His face twitched. "How do you know?"
"By the kind of evidence I can believe."
"And that?" he said in the same quiet voice.
"The evidence of my own eyes!"
He was still, as if thinking. He looked down; then away.
"Why don't you protest?" she demanded.
"Protest," he repeated.
"Or ask me to explain further—"
"Well, explain further," he said patiently.
"Put your mind back three weeks ago—at about eleven o'clock in the morning. Where were you? what were you doing? what was happening?"

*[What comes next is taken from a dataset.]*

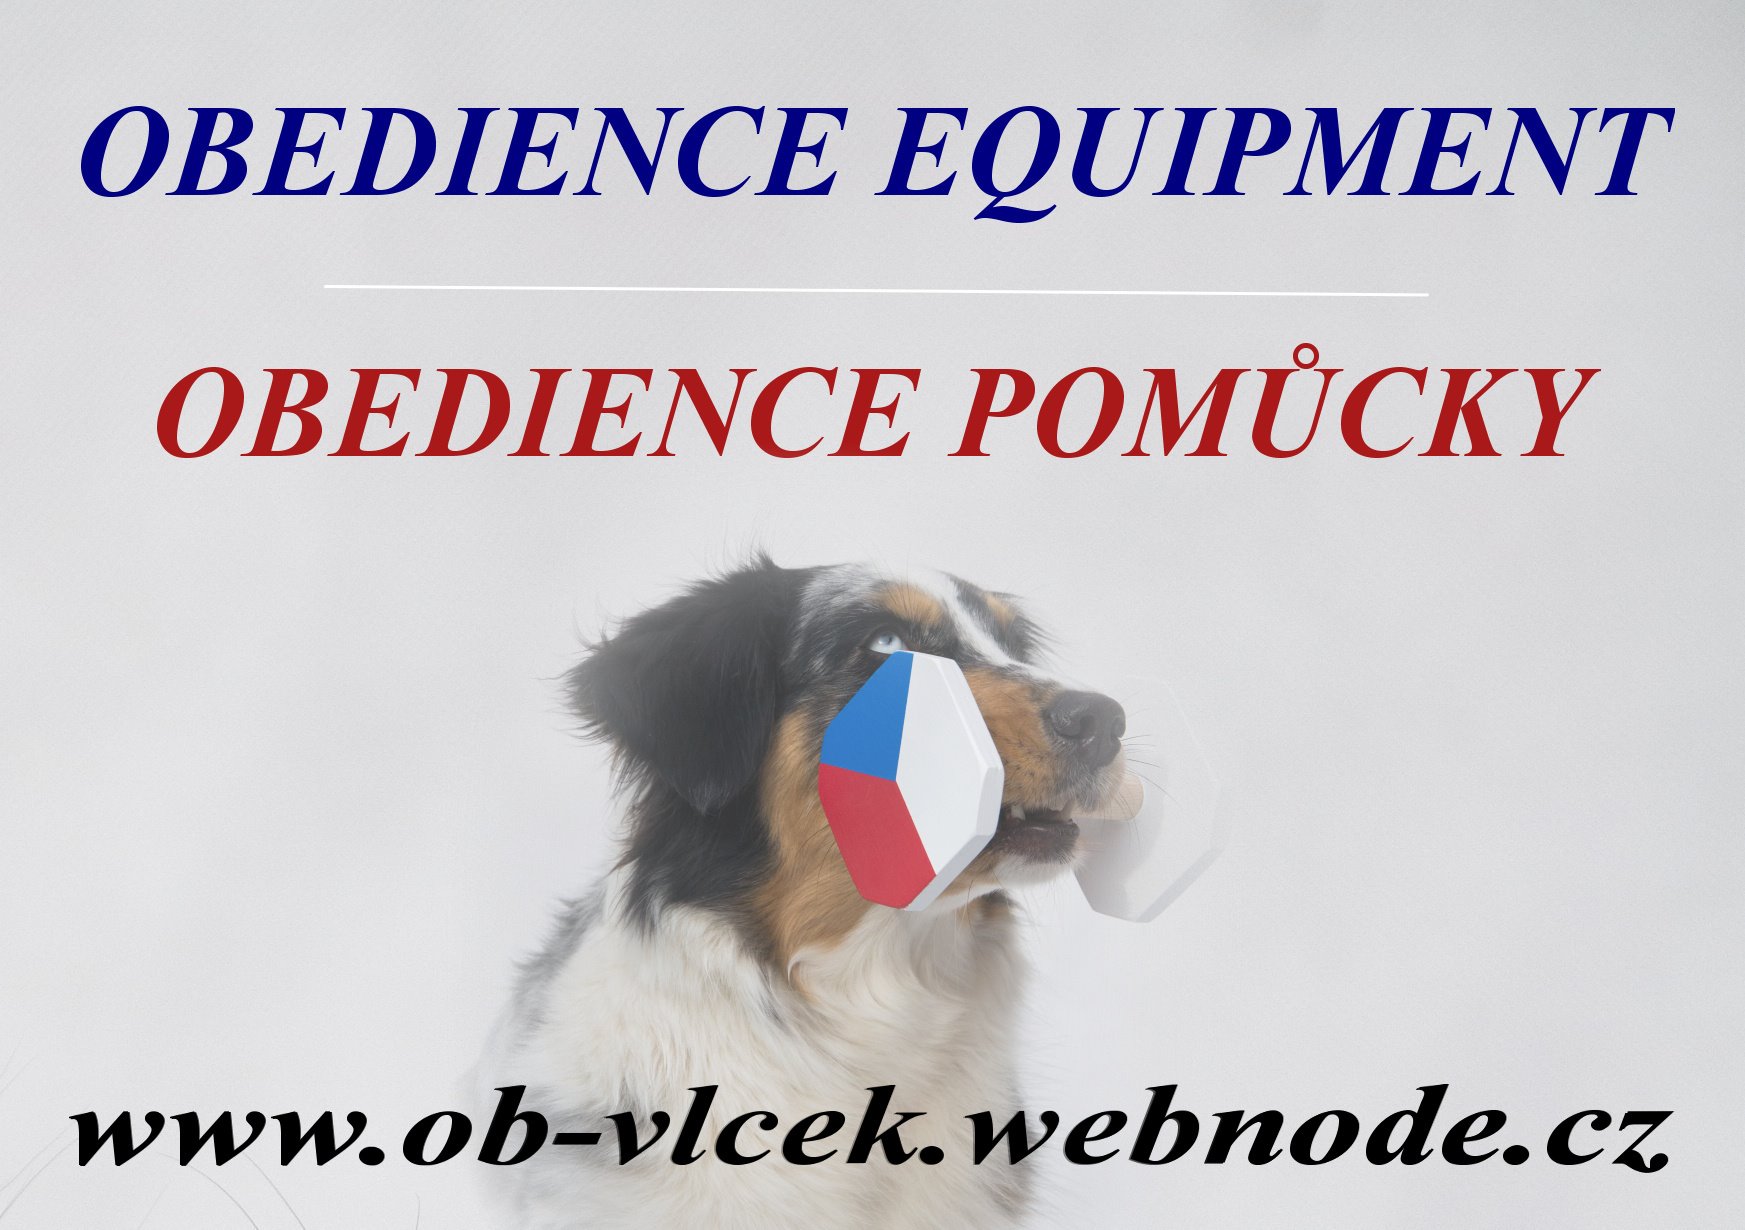 Obedience pomcky
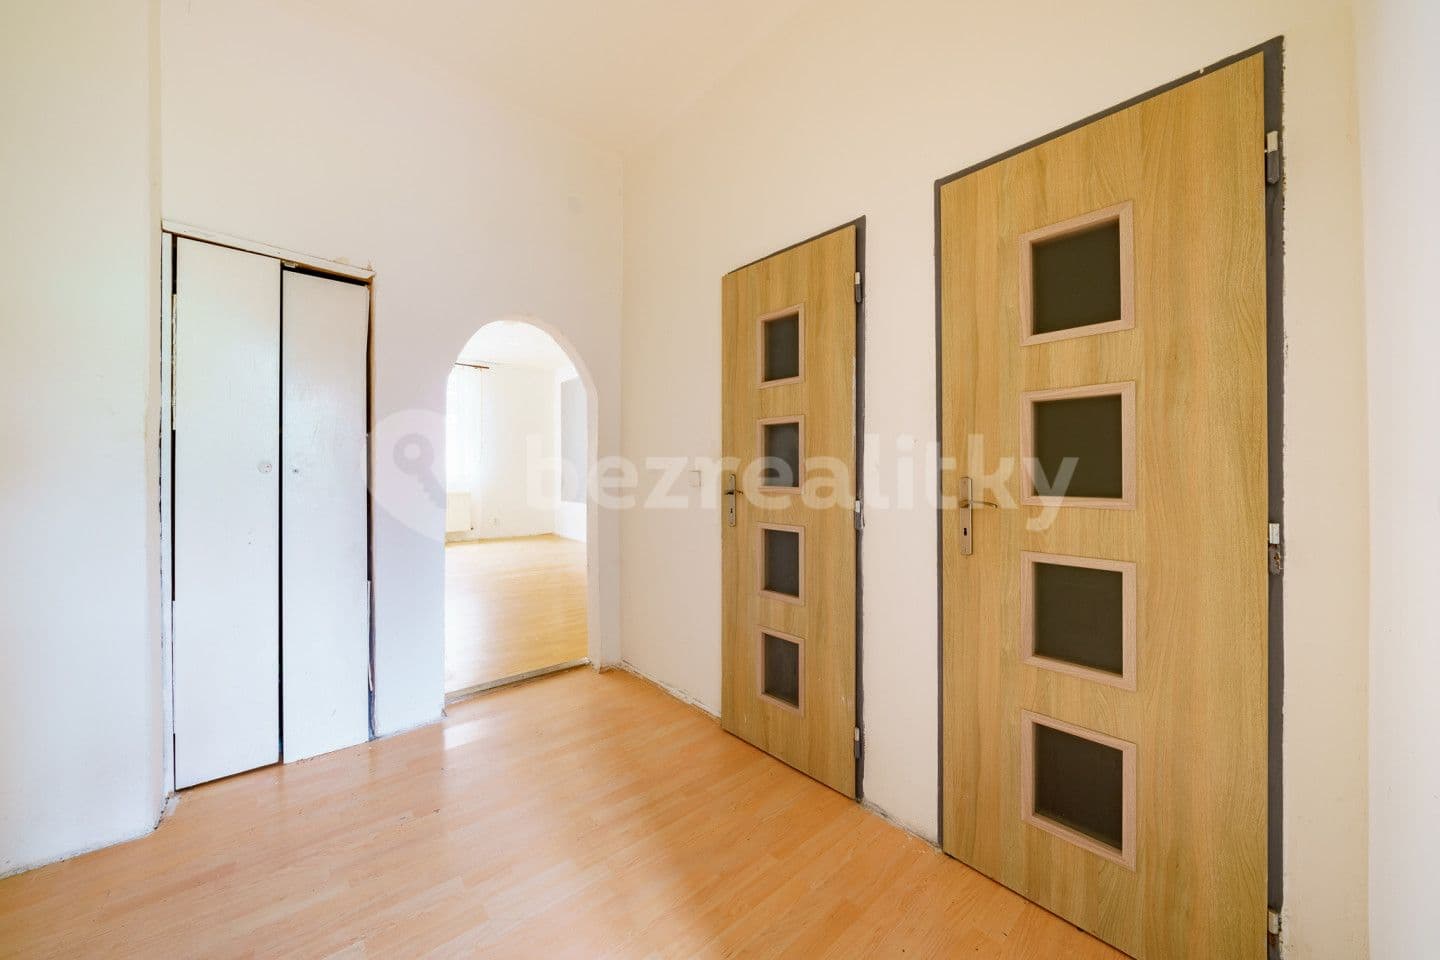 2 bedroom flat for sale, 49 m², Kamenná, Aš, Karlovarský Region

Mr. Heatherbloom looked very thoughtful.
"At the corner of"—she mentioned the streets—"not far from Riverside
Drive. We passed at that time in the car. Need I say more?"
His head was downbent. "I think I understand." His hand stroked tentatively his chin.
The silence grew; Beauty barked, but neither seemed to notice.
"Of course you can't deny?" she observed.
"Of course not," he said, without moving.
"You won't defend yourself; plead palliating causes?" ironically.
He picked at the ground with the toe of a shoe. "If I told you, on my honor, I am not—what you have called me just now, would you believe me?" he asked gravely.
"On your honor," said the girl with a cruel smile. "Yours? No!"
"Then," he spoke as if to himself, "I don't suppose there's any use in denying. Your mind is made up."
"My mind!" she answered. "Can I not see; hear? Can you not hear—those voices? Do they not follow you?"
He seemed striving for an answer but could not find it. Once he looked into the violet eyes questioningly, deeply, as if seeking there to read what he should say, but they flashed only the hard rays of diamonds at him, and he turned his head slowly away.